One of the great side effects of derby is increased confidence. Each time I get on skates I am nervous. I feel inadequate. I feel a little intimidated. Then I start to feel the wheels, and my legs warm up and my heart starts beating and I stop thinking about what I can’t do because I am focusing on what I am being challenged to do. I am skating forward. Awesome. I am picking up some speed. Hurray. My crossovers are smoother and more rhythmic. Yippee. And then, a new skill is introduced and suddenly I am skating backward or doing transitions or sliding to a stop on my toes, and each new skill that is introduced brings a momentary slight panic that it’s something I can’t do. But then the next thing I know, I am listening to the trainer or a vet give me pointers, breaking everything down, and making it look so easy. All I can do is focus, listen, and try it and then, ta-da! I fall on my ass. I get up. I stumble through it. Maybe I fall on my ass again. But, eventually, it comes.

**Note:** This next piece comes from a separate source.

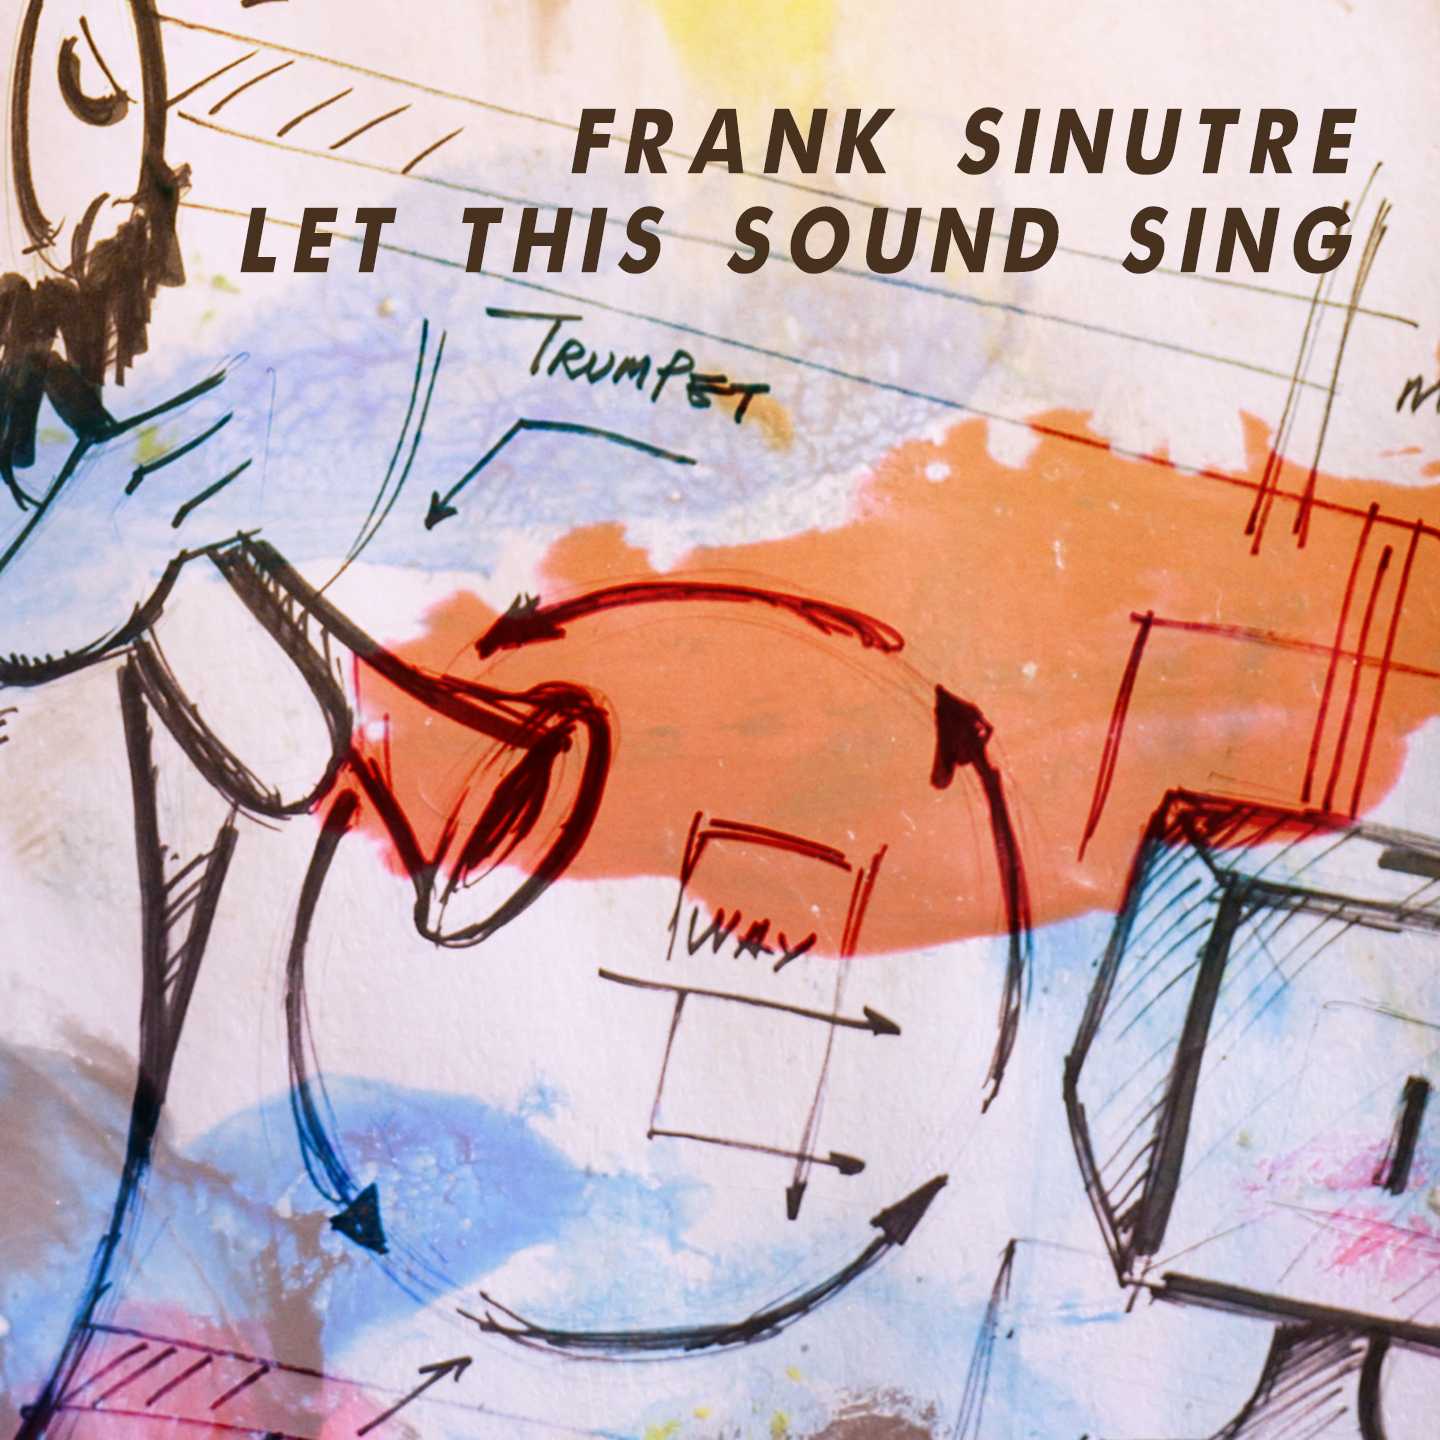 Frank Sinutre (musica elettronica con strumenti elettronici home made) in uscita con il singolo “Let This Sound Sing” estratto dal 4° album “200.000.000 Steps” 

So, here’s the amazing thing. Falling on my ass has been one of the best things in the world for me. Because, when I fall on my ass, there are a team full of girls there saying “Great fall! You’re really pushing yourself!” and they really mean it. Falling in derby means you’re learning. It means you’re living. And it means that you can take the bump and get up and keep going.

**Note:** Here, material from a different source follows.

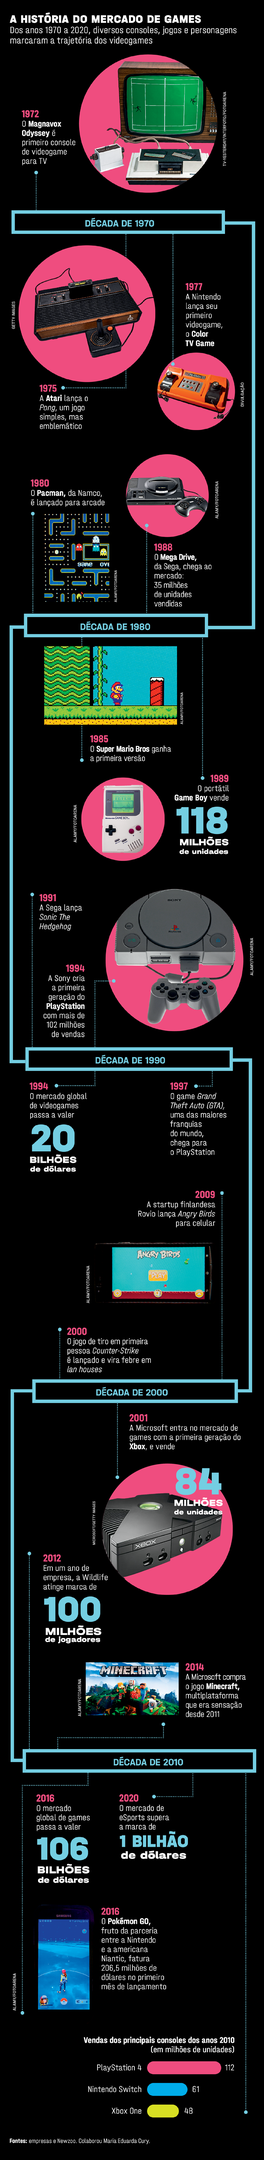 Historia dos videogames

Something happens when you hit the floor and you bite it hard. Hard enough to rattle your bones. Hard enough to make you pee your pants. You feel pain, and sometimes it is a lot of pain. I have fallen so hard my legs turn to jelly when I stand back up again and it takes a few minutes to skate it off. But those things are just a part of it. Taking a digger, feeling the pain, and getting back up again triggers an emotional and mental response that I have never experienced before, and it’s the reason any derby girl will proudly show her “derby kisses”. You begin to feel your strength. For me that was a feeling I didn’t recognize and it is addicting. You begin to understand your personal power when you get up, shake it off, and get back to work. You skate the practice out, finish crusty, salty, achy, tired, and triumphant. There is a high that I feel after a good practice, when I have made it through the whole thing and did something I didn’t know I could do. That feeling has filtered through derby practice and has started affecting the way I feel when I am not on skates. It feels good. It feels like something I have missed my whole life. If I take nothing else away from derby, that in itself is priceless.